JP2000306652A - Connector assembling method - Google Patents

Abstract

PROBLEM TO BE SOLVED: To double insertion speed of contacts by simultaneously cutting and separating two contacts every other contact from a carrier of a continuous band material, continuously and automatically inserting them simultaneously into different housings. SOLUTION: A continuous band material 1 is set at a prescribed insert position, an end part and two contacts 11a, 11c every other contact are cut and separated from a carrier 12, a first insertion is performed, the continuous band material 1 is fed by one pitch of the contact 11. A contact 11b and a contact 11d after other contact from it are set in a prescribed position, and cut and separated, and a second insertion is performed. The continuous band material 1 is fed by three pitches of the contact 11, and next contacts 11e, 11g are set in a prescribed position. Cam mechanisms which perform a rectangular motion at an operation distance 1:3 in the feeding direction of the continuous band material 1 and comprises two cams with different diameters are provided for one cam shaft so as to operate at positions where they relatively form 180 deg., and the continuous band material 1 is fed while alternately repeating one pitch width and three pitch width.

Description

DETAILED DESCRIPTION OF THE INVENTION

[0001]

BACKGROUND OF THE INVENTION 1. Field of the Invention The present invention relates to a method for assembling an electrical connector, and more particularly, to an assembling apparatus for inserting a contact serving as one electrical contact into one housing.
The present invention relates to a method of assembling a connector using a mechanical mechanism of a stitching method of inserting one pin at a time.

[0002]

2. Description of the Related Art When assembling a connector which is an electronic component, a contact is cut from a comb-shaped continuous strip composed of a carrier serving as a gripping portion for conveyance pressed from a thin metal plate and a contact serving as an electrical contact.
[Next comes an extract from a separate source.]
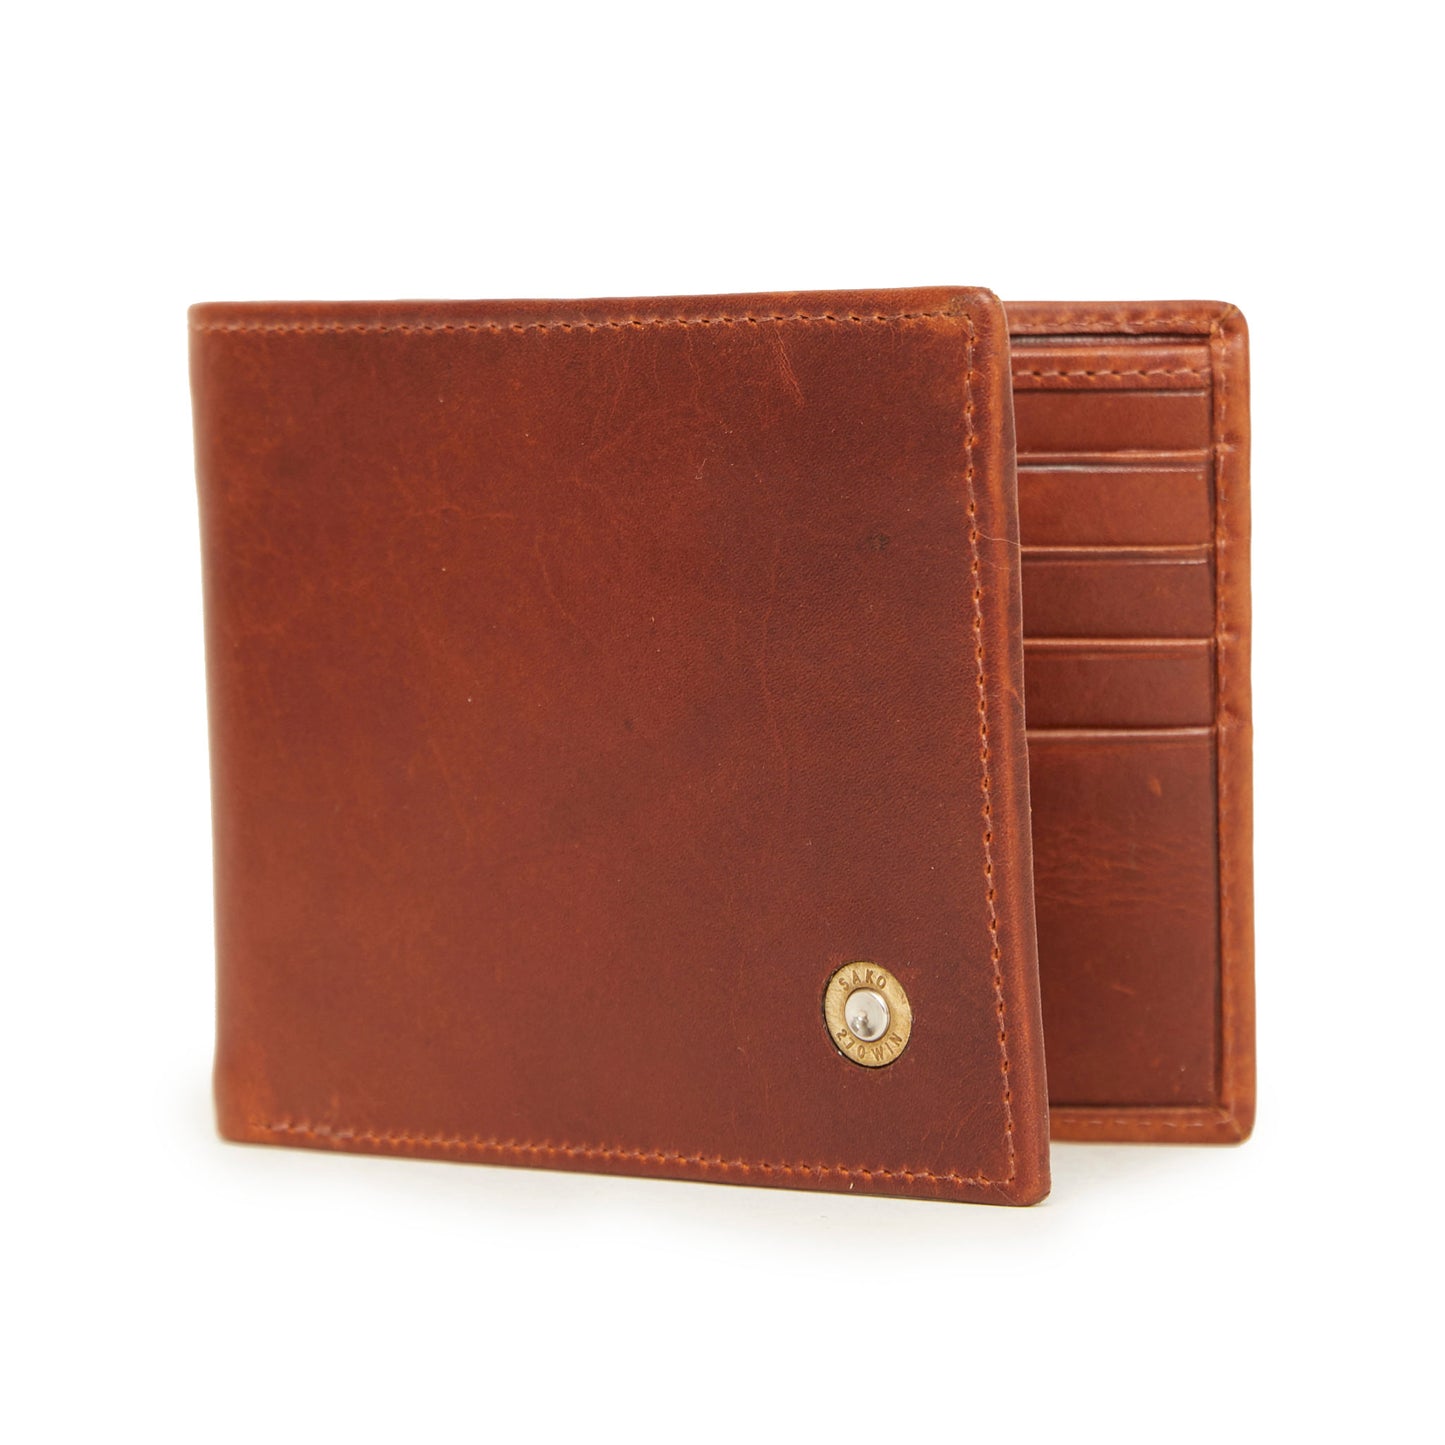 Hicks & Hides Rifle Leather Wallet

There is a step of separating and pressing into a contact insertion hole of a housing which is a resin molded product. Conventionally, this press-fitting process has a complicated mechanical structure, but a large number of insertions per time, a batch insertion method for batch-inserting a certain number of poles has been the mainstream. For the purpose of forming and making effective use of the metal sheet material to be pressed, the contact size is small and flat, and the pitch between the contacts of the continuous strip is very narrow. It has become difficult to physically adopt the stitching method, and recently, a stitching method in which contacts are inserted into the housing one pin at a time, which can cope with the downsizing and the narrow pitch, has become mainstream.

A general process of inserting one contact into one housing of a general stitching method will be described focusing on the movement of one contact. When the contact is transported while holding a carrier portion of a continuous strip. When it is supplied to a predetermined position (press-fitting position into the housing) by the system, it is cut and separated from the carrier by the cutting device,
The connector is assembled by being inserted into the housing conveyed to a predetermined position by a press-fitting device (pusher). This is continuously and automatically repeated by the assembling apparatus while moving one pitch at a time. In addition, various driving means such as a cam and a motor are used for transporting the continuous band material and the housing and for each movable portion.

[0004] This stitching method has a disadvantage that the mechanical structure is simple and the work such as item exchange is simple, but the number of insertions per time is reduced as compared with the batch insertion method. The structure is a stitching method, and ideally, an apparatus having an insertion speed equal to that of the batch insertion method is being studied. Means for increasing the speed of the apparatus or for simultaneously inserting a plurality of contacts into the housing are being studied. Among them,
With regard to the means for inserting a plurality of contacts simultaneously, it is possible to insert a plurality of contacts into one housing conventionally, but it is possible to insert one contact into one housing to which the present invention is applied.
When inserting one contact and simultaneously inserting two adjacent contacts in different housings, see Fig. 3-
As shown in FIG. 1, when the size of the contact 11 is reduced and the pitch becomes narrower and flatter, the space between the two housings 81 becomes correspondingly narrower, so that the space for the housing guide 82 for holding the housing 81 is physically secured. It becomes very difficult because it becomes difficult.

Therefore, as a means for mechanically handling the stitching system and inserting two contacts into different housings at the same time, conventionally, as shown in FIG. Materials 1 are provided in parallel,
The two different rows of contacts 11 are simultaneously connected to the housing portion 8.
Is generally adopted.

[0006] However, the above-mentioned means has a complicated mechanical structure, requires two sets of similar mechanisms, increases costs, and has a problem in terms of maintenance.

[0007]

Therefore, the present invention provides
In the manufacture of a connector in which one contact is inserted into one housing, the mechanical structure is stitched, and two contacts can be simultaneously inserted into different housings from one continuous strip at a time. Another object of the present invention is to provide a method of manufacturing a contact that does not increase the cost and that can double the insertion speed (assembly speed) as compared with the conventional stitching method.

[0008]

Means for Solving the Problems In order to solve the above problems, according to the present invention, two contacts are simultaneously inserted from every other continuous strip, and these contacts are simultaneously cut and separated from the carrier. The means is to insert them simultaneously into different housings and to do this continuously and automatically.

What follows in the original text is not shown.